Make the whole world SIKH .

Then there will be no problem .

But the Indians have a typical mindset .

Starting form the First Guru to the Tenth Guru , there are ten steps .

Sikhs are head on heals , to skip the first 9 steps and directly jump to the 10th step .

Otherwise , today the whole world would have been the follower of the Sikhism . 

During the time of Gurunanak dev ji , people from diverse backgrounds gathered together and listened to him.

But today only Sikhs Listen from the first Ear and Pass out from the Second Ear , simultaneously Expecting that From the second Ear may reach to the others First Ear and the process is going on.


----------



## kds1980 (Dec 23, 2005)

excellent reply dvs i totally agree with you on ten steps


----------



## drkhalsa (Dec 23, 2005)

kds1980 said:
			
		

> excellent reply dvs i totally agree with you on ten steps


 

Dear Kds 1980



I understand your concern and I also live in a place where there no sikh around me ( I am in N Ireland)

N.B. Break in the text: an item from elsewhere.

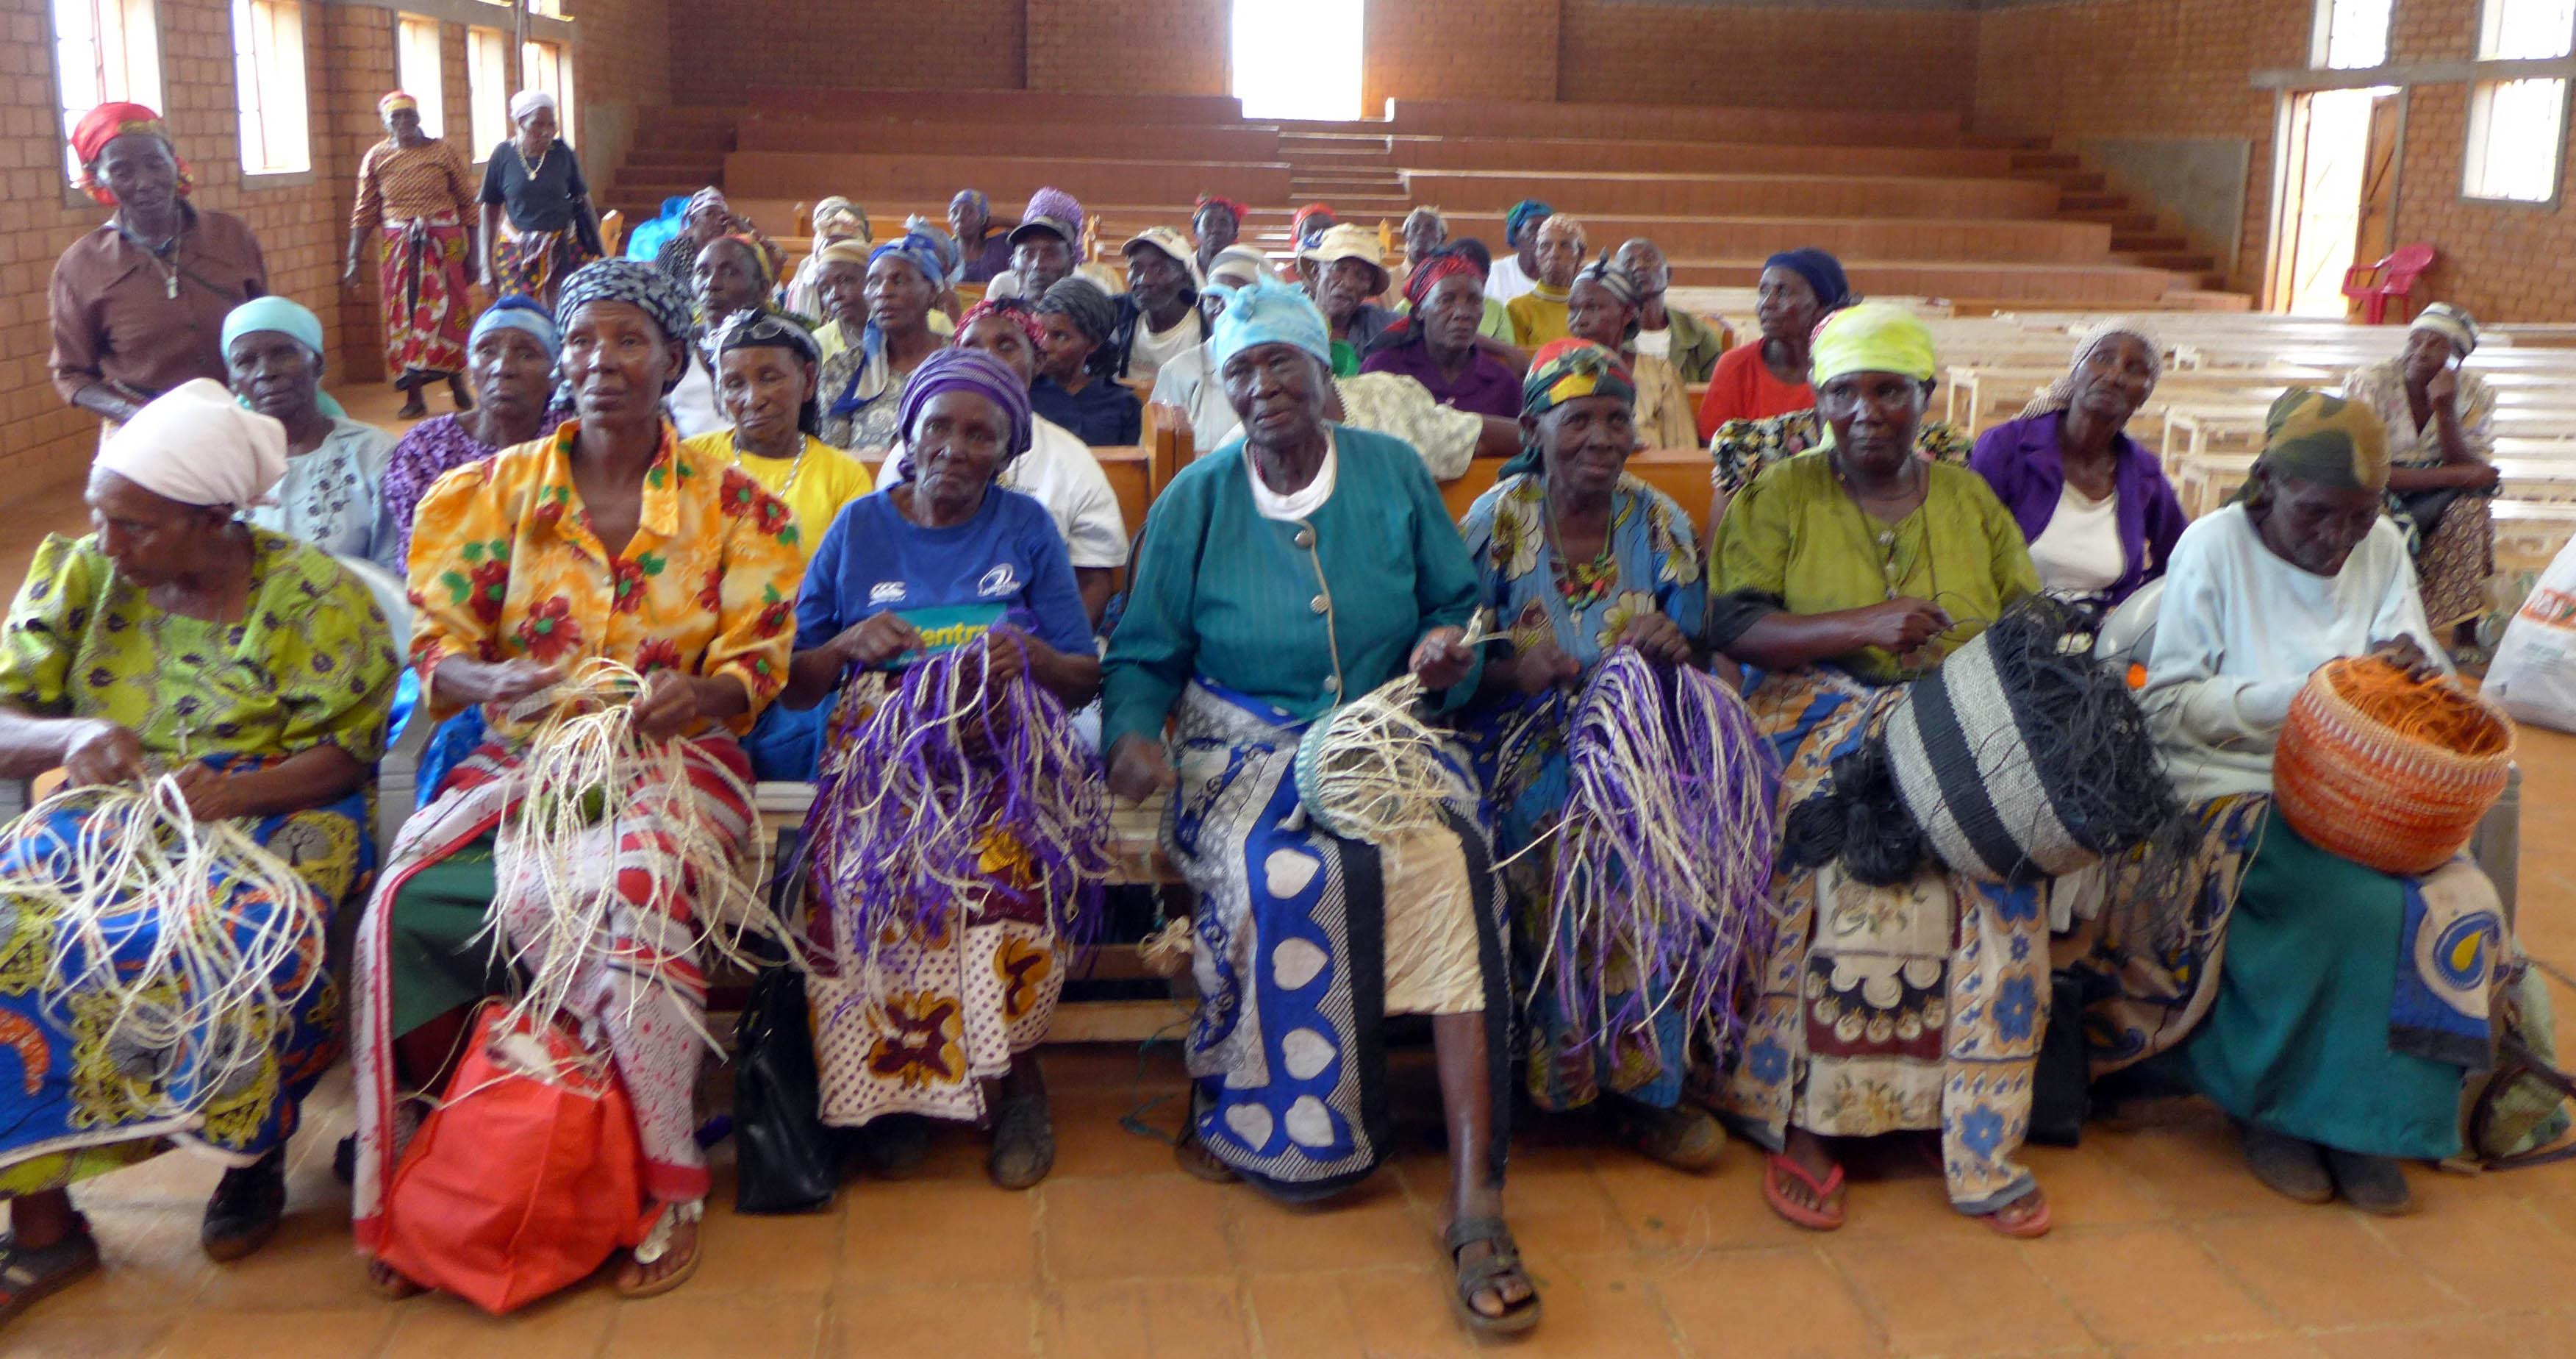 A row of basket weavers
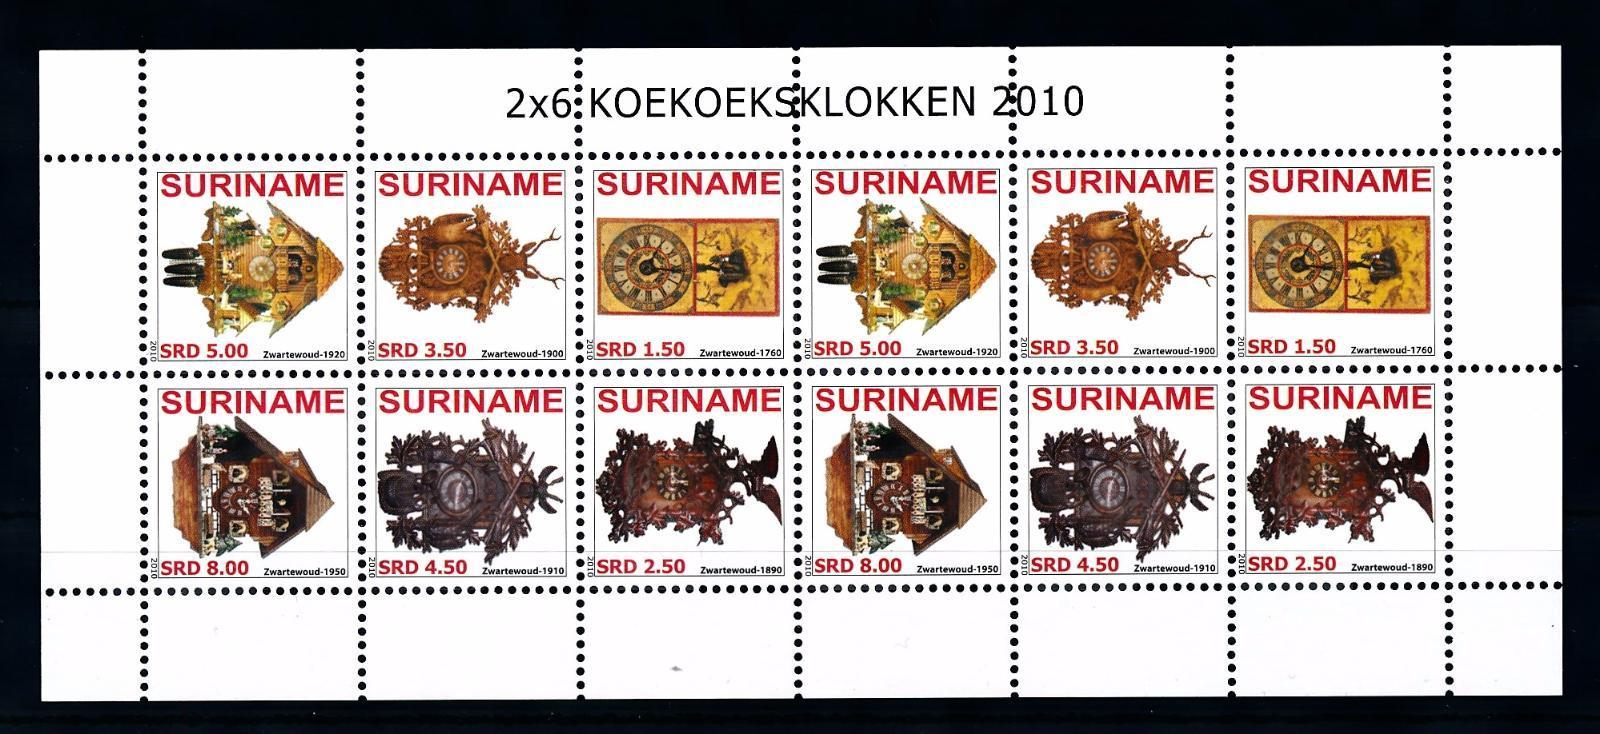 SUV1698] Surinam 2010 Cuckoo Clocks Miniature sheet MNH

And I will never ever proclaim that I am the sikh with best Rehat 

what i was trying to say that to say rituals are bad or bash them as some of our sikh fellows always try to do by bashing others religions for being ritualist is totally wrong in the essence that the only thing matters is one's spirtuality and love for god 

I have seen many ritualist hindu fellows who worship idols but they are so spirtual and have love for God that feel myself so small among them so there is no question I can call them wrong

Now about keeping rehat ,yes it is chalange a big challenge and I will be difficult to keep it anywhere whether it is India or overseas ( as per my view for our young generation it is more difficult or atleast of same difficulty to keep rehat in Punja India)

As mentioned by Ds and acknowledged by yourselfabout the ten step point in above post I also believe that Becoming khalsa is the Peak of Spirtual journey in sikh way of life and offocurse would need Matching internal strength otherwise Just if some body want to immitate it then he will be in trouble and will suffer 


Now I agree france is a special case and I agree that till sikhs win their write to wear turban they should try follow the agreed alternative as accepted by Government there and with God's will this problem will be solved in coming time 

But If you are also including to this the problem the problem people face in Uk and canda for example 

They cut theie hair just to fit in just to look more pleasant or make their life easy or something like that then obviously this shows the amount of their internal strenght to follow sikhi 
And I am more than happy that they do so ( cut their hair)  because it become useless if dont get  it or understand it and will give rise to hipocracy  In this situation as well their is nothing against the Rehat if you have strenght to keep it 

Now about eating Halal by the Pak Sikh soilders 

well I think If he make it a point he will get Vegetarian Food 
And I hradly know how much that soilder is into sikhi we are just using the hypothetical situation 

As per understand I have I think for a sikh there is no problem in eating meat but guruji Prohibited halal due the fact of sacrificial nature of it and the opressive element of it at thattime ( every body had to eat halal if they wanted meat)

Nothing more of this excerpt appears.